NoDaLiDa 2023 - May 22-24, 2023
A query engine for L1-L2 parallel dependency treebanks
L1-L2 parallel dependency treebanks are learner corpora with interoperability as their main design goal. They consist of sentences produced by learners of a second language (L2) paired with native-like (L1) correction hypotheses. Rather than explicitly labelled for errors, these are annotated following the Universal Dependencies standard. This implies relying on tree queries for error retrieval. Work in this direction is, however, limited. We present a query engine for L1-L2 treebanks and evaluate it on two corpora, one manually validated and one automatically parsed.

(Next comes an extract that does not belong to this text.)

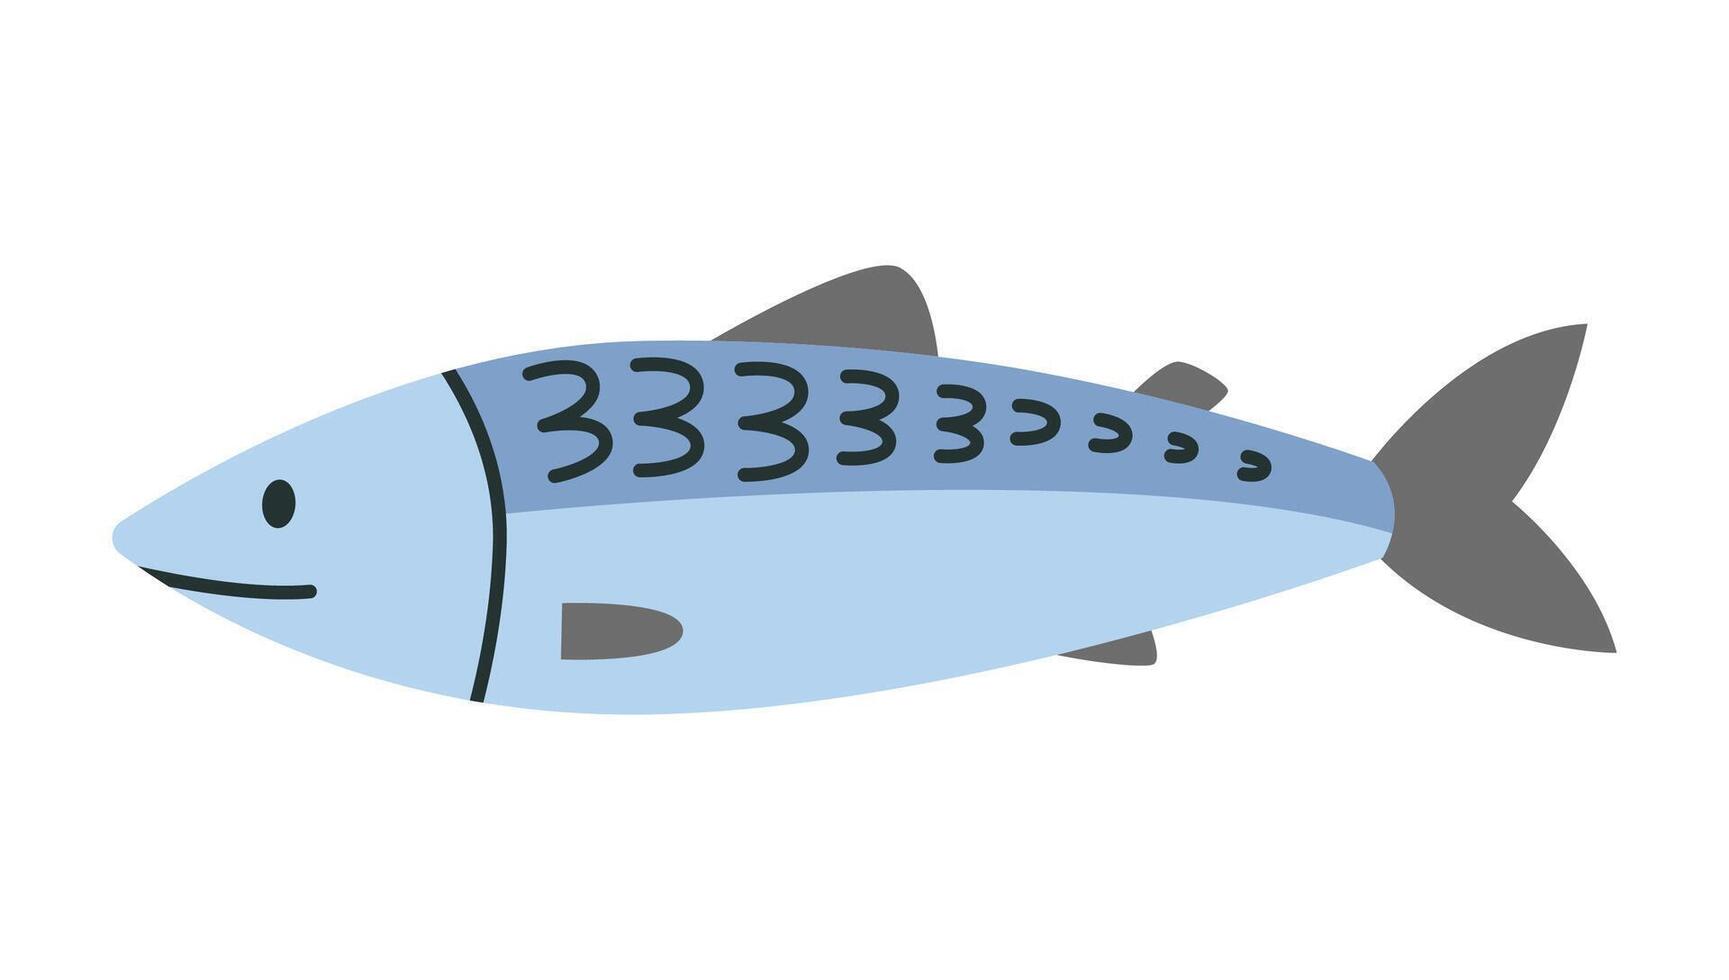 Mackerel fish, cartoon style. Trendy modern vector illustration isolated on white background, hand drawn, flat design

Parser Evaluation for Analyzing Swedish 19th-20th Century Literature
Sara Stymne, Carin Östman, David Håkansson
In this study, we aim to find a parser for accurately identifying different types of subordinate clauses, and related phenomena, in 19th--20th-century Swedish literature. Since no test set is available for parsing from this time period, we propose a lightweight annotation scheme for annotating a single relation of interest per sentence. We train a variety of parsers for Swedish and compare evaluations on standard modern test sets and our targeted test set. We find clear trends in which parser types perform best on the standard test sets, but that performance is considerably more varied on the targeted test set. We believe that our proposed annotation scheme can be useful for complementing standard evaluations, with a low annotation effort.
Is Part-of-Speech Tagging a Solved Problem for Icelandic?
Örvar Kárason, Hrafn Loftsson
We train and evaluate four Part-of-Speech tagging models for Icelandic. Three are older models that obtained the highest accuracy for Icelandic when they were introduced. The fourth model is of a type that currently reaches state-of-the-art accuracy. We use the most recent version of the MIM-GOLD training/testing corpus, its newest tagset, and augmentation data to obtain results that are comparable between the various models. We examine the accuracy improvements with each model and analyse the errors produced by our transformer model, which is based on a previously published ConvBERT model. For the set of errors that all the models make, and for which they predict the same tag, we extract a random subset for manual inspection. Extrapolating from this subset, we obtain a lower bound estimate on annotation errors in the corpus as well as on some unsolvable tagging errors. We argue that further tagging accuracy gains for Icelandic can still be obtained by fixing the errors in MIM-GOLD and, furthermore, that it should still be possible to squeeze out some small gains from our transformer model.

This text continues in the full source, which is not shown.